In other news , the Swiss Franc has eased against both the USD and the EUR after Finance Minister Widmer-Schlumpf said that a committee is evaluating measures that include capital controls and negative interest rates to the arrest the strength of the currency. The Australian dollar is trading mid range at 1.0085 as the USD continued to gain ground in Asia today.
Share markets across Asia fell on concerns over the European debt crisis as ECB lending highlighted the great difficulties faced by the European banking sector. Stocks fell from their week highs and the MSCI Asia Pacific lost more than 0.5% with two shares falling for every one that gained. The bank loans handed out by the ECB represent more than 60% of all European debt maturing in 2012. The Hang Seng has lost 0.52% to 18,321 while the Nikkei is lower by 0.63% at 8,407. The ASX 200 has closed the day down1.18% to 4,091.
Commodity prices have been largely subdued as with the holiday season impacting volumes. WTI is closing relatively flat at $98.90. Precious metals are also flat with gold losing 0.04% to $1,612 while silver fell 0.3% to $29.15. Soft commodities are broadly lower while copper is flat. Overnight we have the release of the UK current account and US unemployment claims.
EUR/USD is ending the Asia session at the same level as where it started some 8 or so hours ago as the smart Asian investor is more than happy to focus on the holiday period. There was a short lived dip towards 1.3030 as the risk currencies like AUD and NZD continued to give up the gains seen during the European session and lost after the European Banks swamped the ECB for liquidity. However, as we said the risk off trading of the market has the pair closing at 1.3044. There isn’t much in the way of data for the Eurozone during the European session for the Euro and markets to trade around, however, there is a bit of lower level US releases to help the volatility along. A break below 1.3000 should see a rush towards the old 1.2950 lows and if broken, we would not want to be the last one left holding Euro’s as we can see some massive moves coming whilst liquidity remains poor at best. If the pair were to bounce first today we can’t see it getting above 1.3155!
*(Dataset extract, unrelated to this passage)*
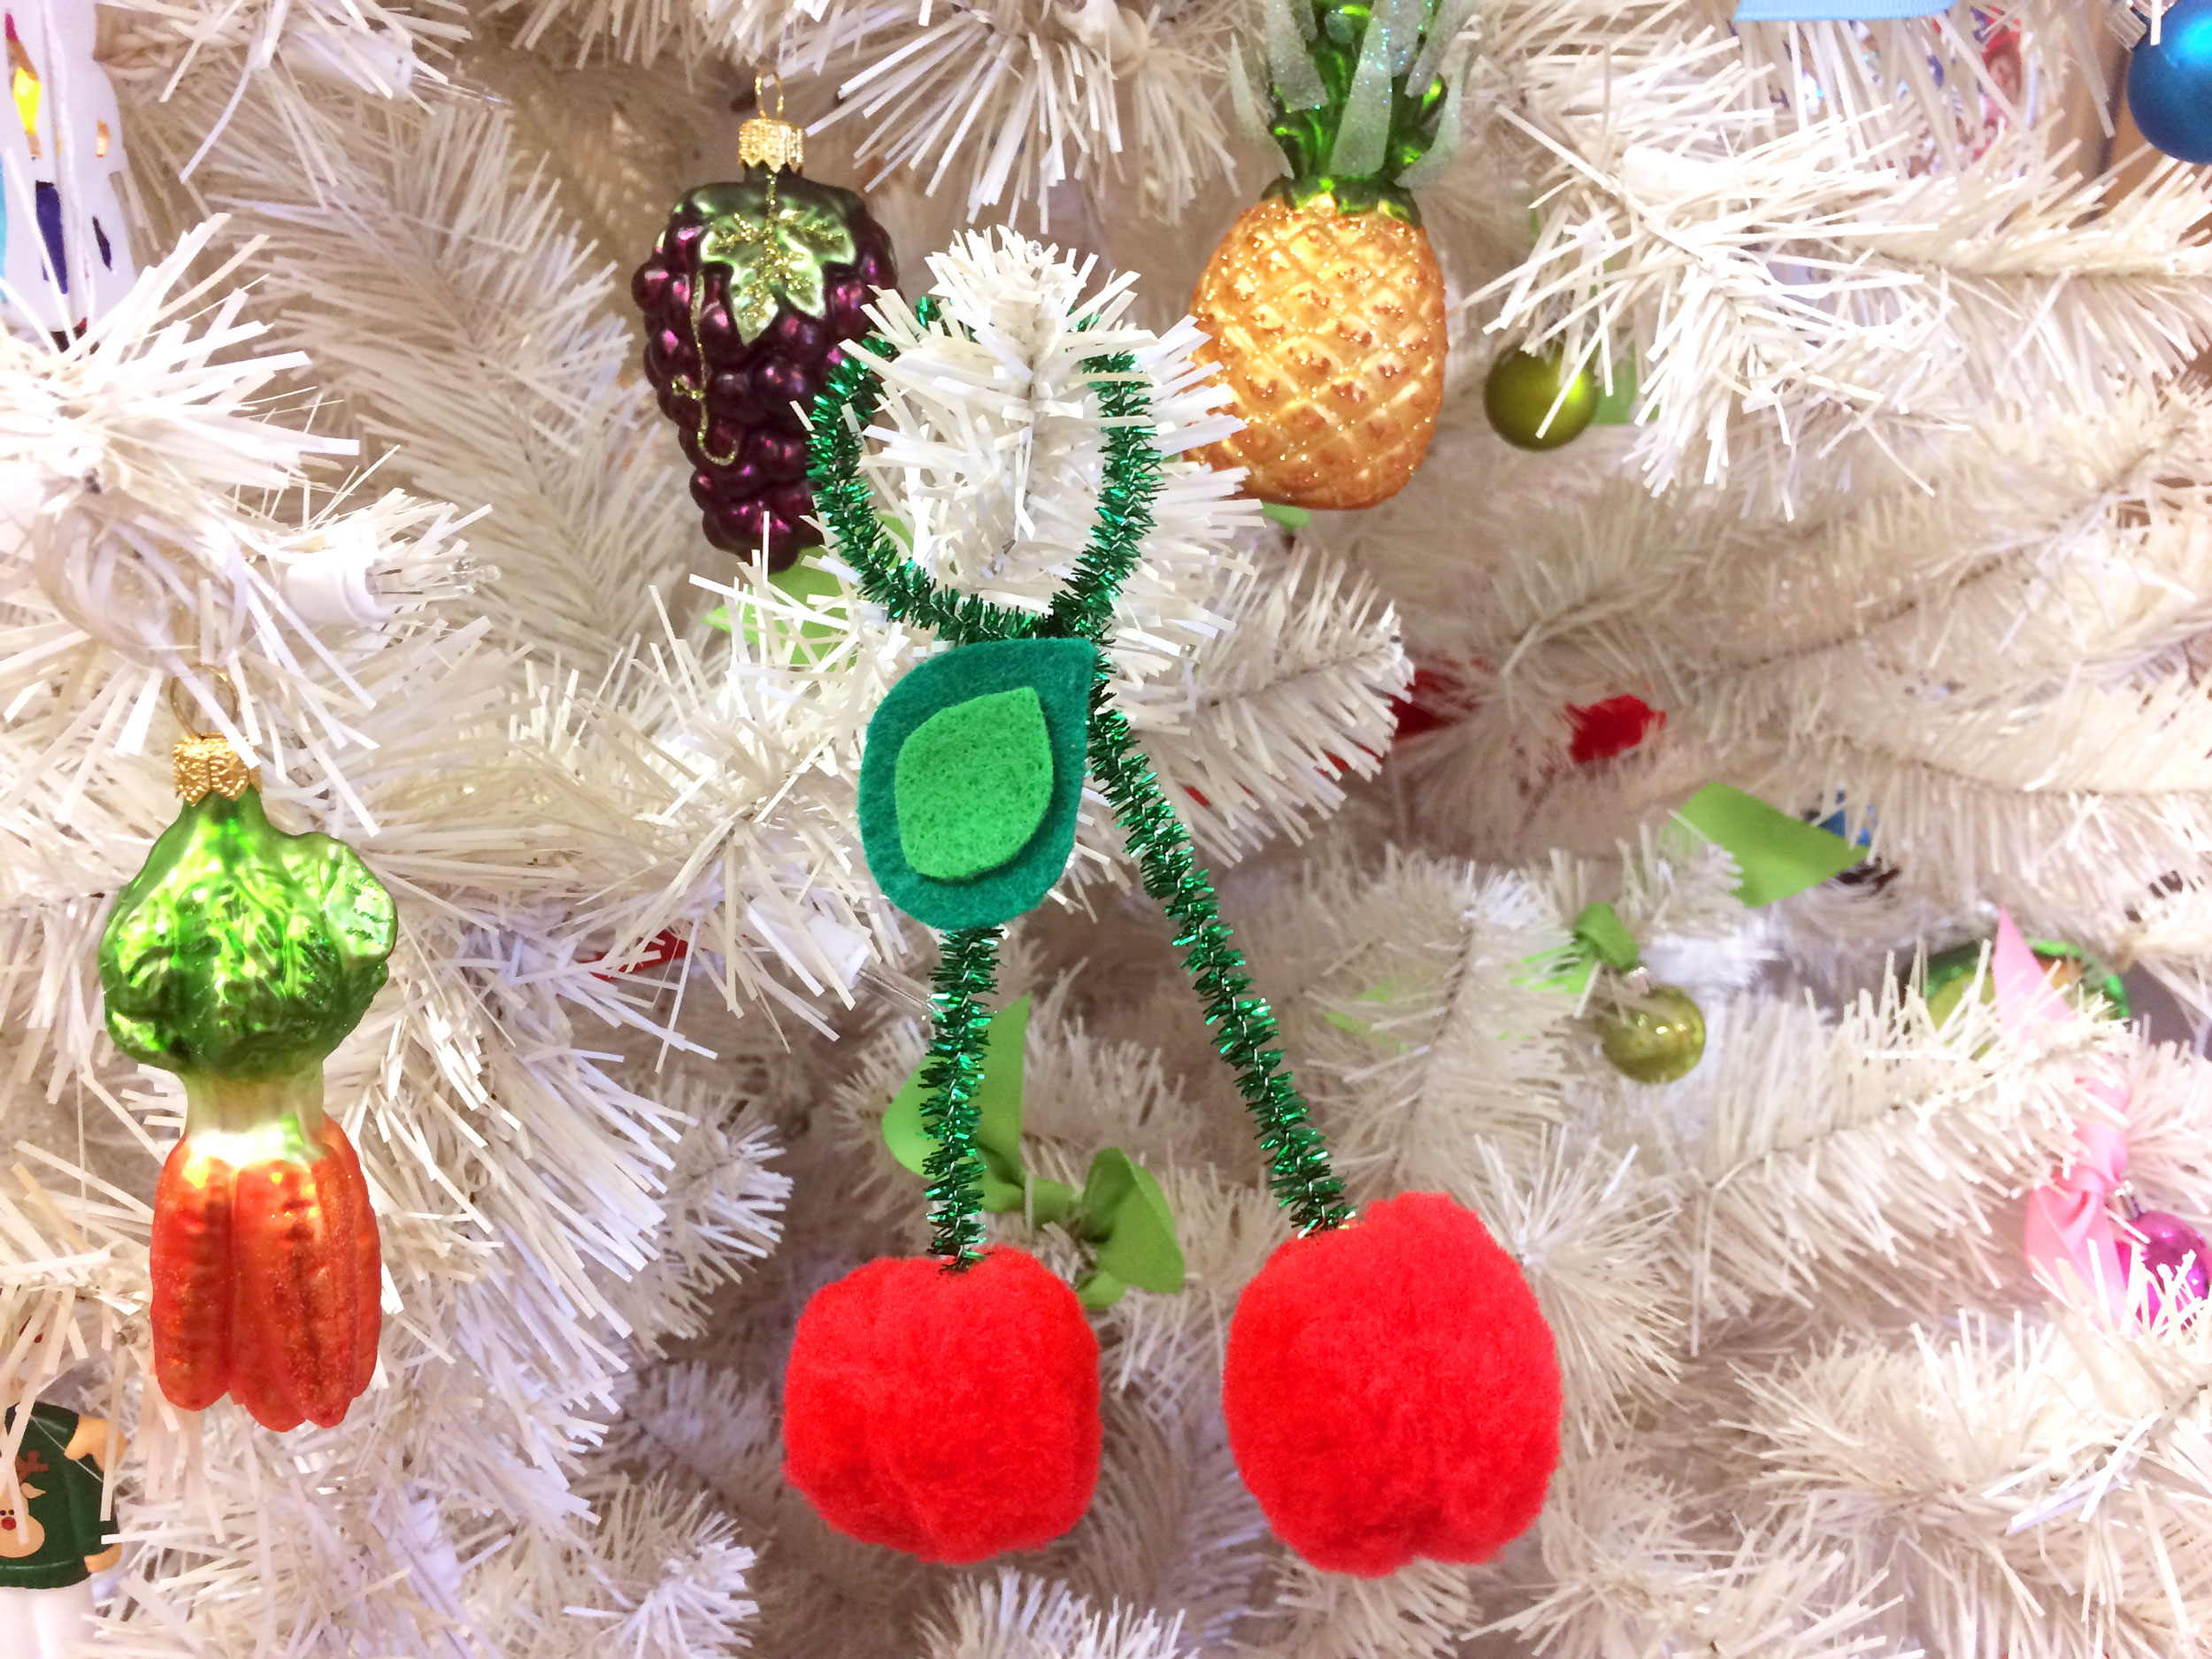 DIY Cherry Ornament on Christmas Tree | Ornament Shop

AUD/USD tested the topside first as the markets tried to come to grips with the amount of borrowing that over 300 European banks did with the ECB during the overnight session. 1.0110 easily capped the price during the morning and from then of the pair drifted off to find intraday sellers trying to take the pair to retest the overnight low of 1.0050. However, with the markets focus during Asia on summer holidays, risk off trading is all the rage, well no risk at all is more correct! Normally at this time of year the markets are more than likely to be kept within a tight range during most of the European and US sessions but tonight my money is on another wild one in a similar pattern to last nights! However, this time we favour the downside first and a return of the price below parity on a stop hunt after it breaks the pivot at 1.0050. Towards 0.9955 we should start to see extended range traders on the bid with stops below 0.9900 targeting a return to 1.0050.
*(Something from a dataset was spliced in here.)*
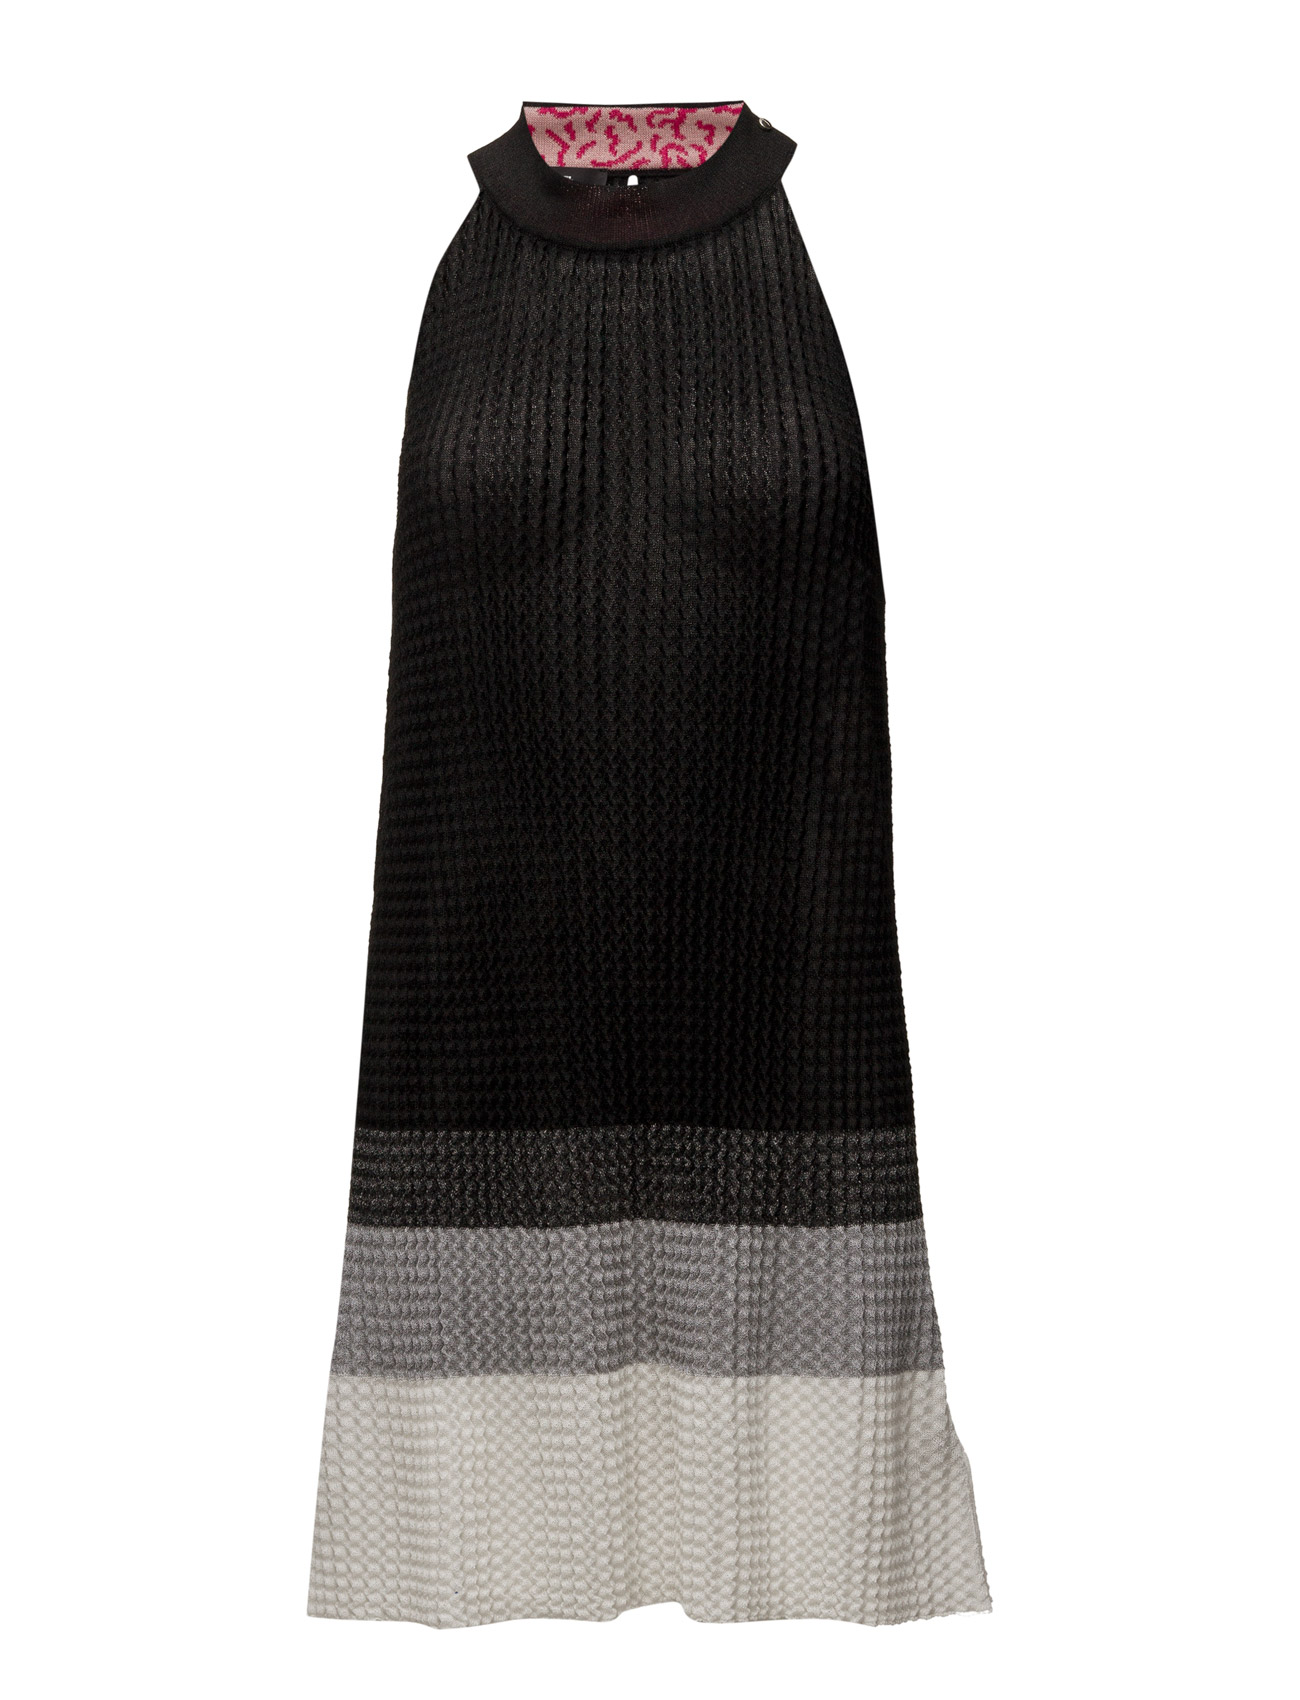 M-South Dress Diesel Women Kjoler til Kvinder i Sort

GOLD has fallen in trade today in line with falling equity markets and a broad reduction in risk sentiment brought on by, you guessed, the European debt crisis. Gold is closing the afternoon around $1,609 and traded in a $1,606 to $1,616 range. Gold has bounced well from our first support level at $1,605 and we expect that the price will move towards $1,620 in trade overnight. In saying this, further nervousness surrounding the size of the ECB loans to the banks and the manifestation of these concerns in the credit markets tonight may precipitate a sharper fall in the equity markets overnight which could see gold rapidly fall below $1,600. In this environment we remain very cautious and would not be initiating any new positions whilst thin holiday volumes persist which could lead to high volatility. For those looking to trade gold we would keep a close eye on support and resistance levels and trade around these levels. Support lies at $1,598 with resistance at $1,620.
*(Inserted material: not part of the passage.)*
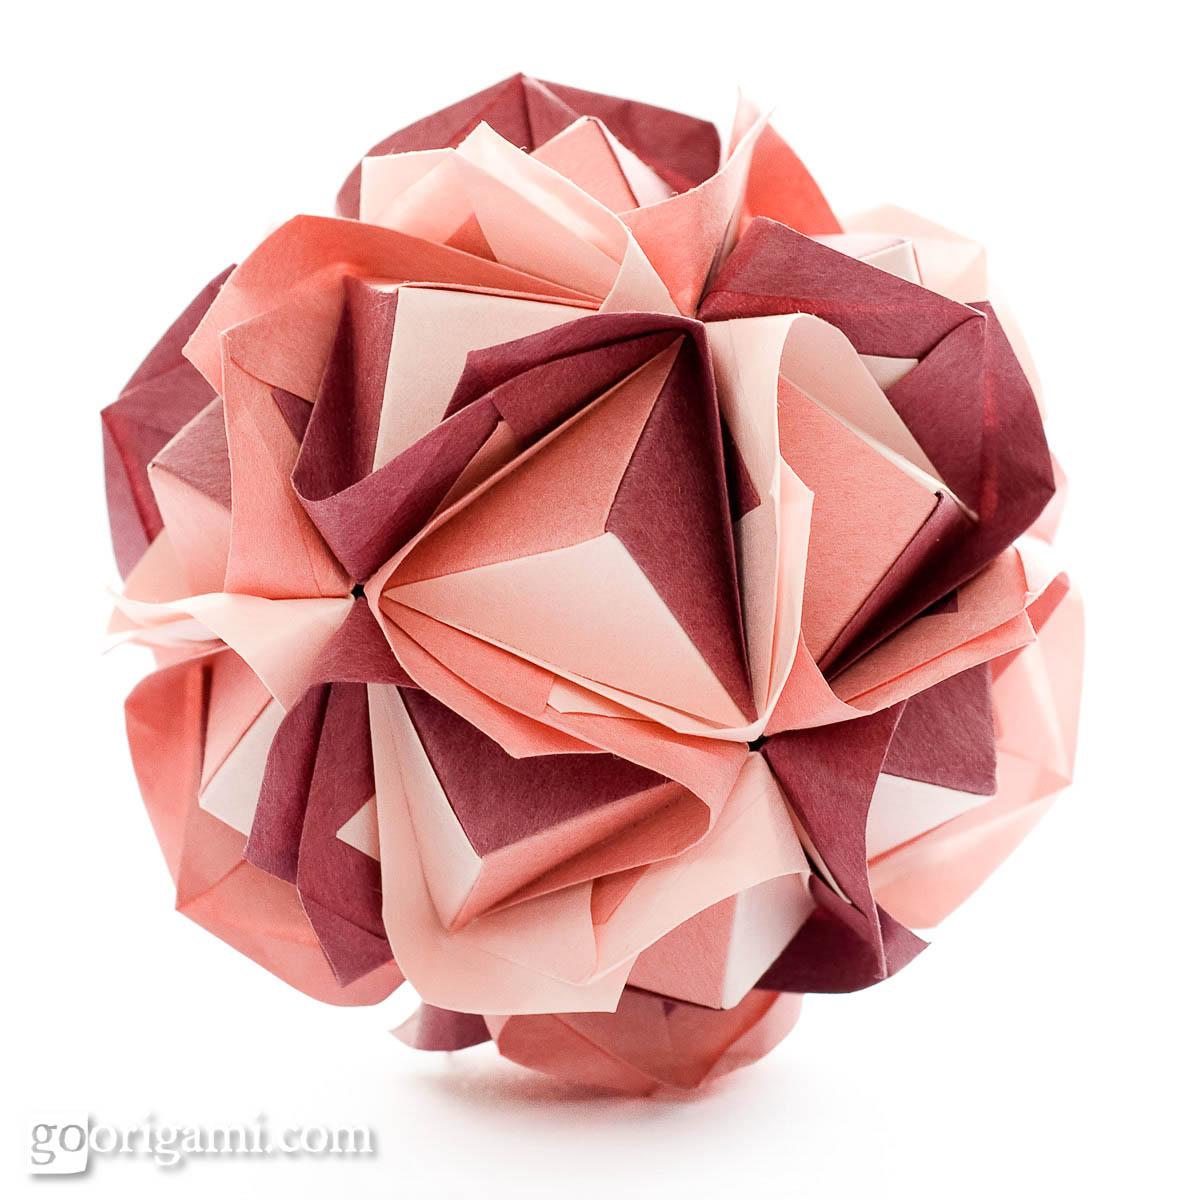 kusudama ball diagram how to wire a transfer switch for generator clover by maria sinayskaya  go origami

US OIL (WTI) eased marginally in trade today within a range of $98.55 to $99.18 before closing the afternoon at $98.65. It is currently sitting perfectly on resistance and if concerns surrounding Europe do not dominate headlines tonight we should see the price accelerate through $99.00. US Energy Department figures which showed that stockpiles fell by the most in almost a decade by 10.6 million barrels to 323.6 million barrels should continue to support the market as will any further sanctions against Iran. The momentum higher has been stalled by investor concerns over the size of the ECB bank loans but there is now very strong support at the $97.50 level. Given the illiquid holiday trading conditions we would look to take oppotrtunity after excessive price moves if they occur rather than take any pre-emptive positions at this stage. Look for support at $97.50 to hold and resistance at $99.85.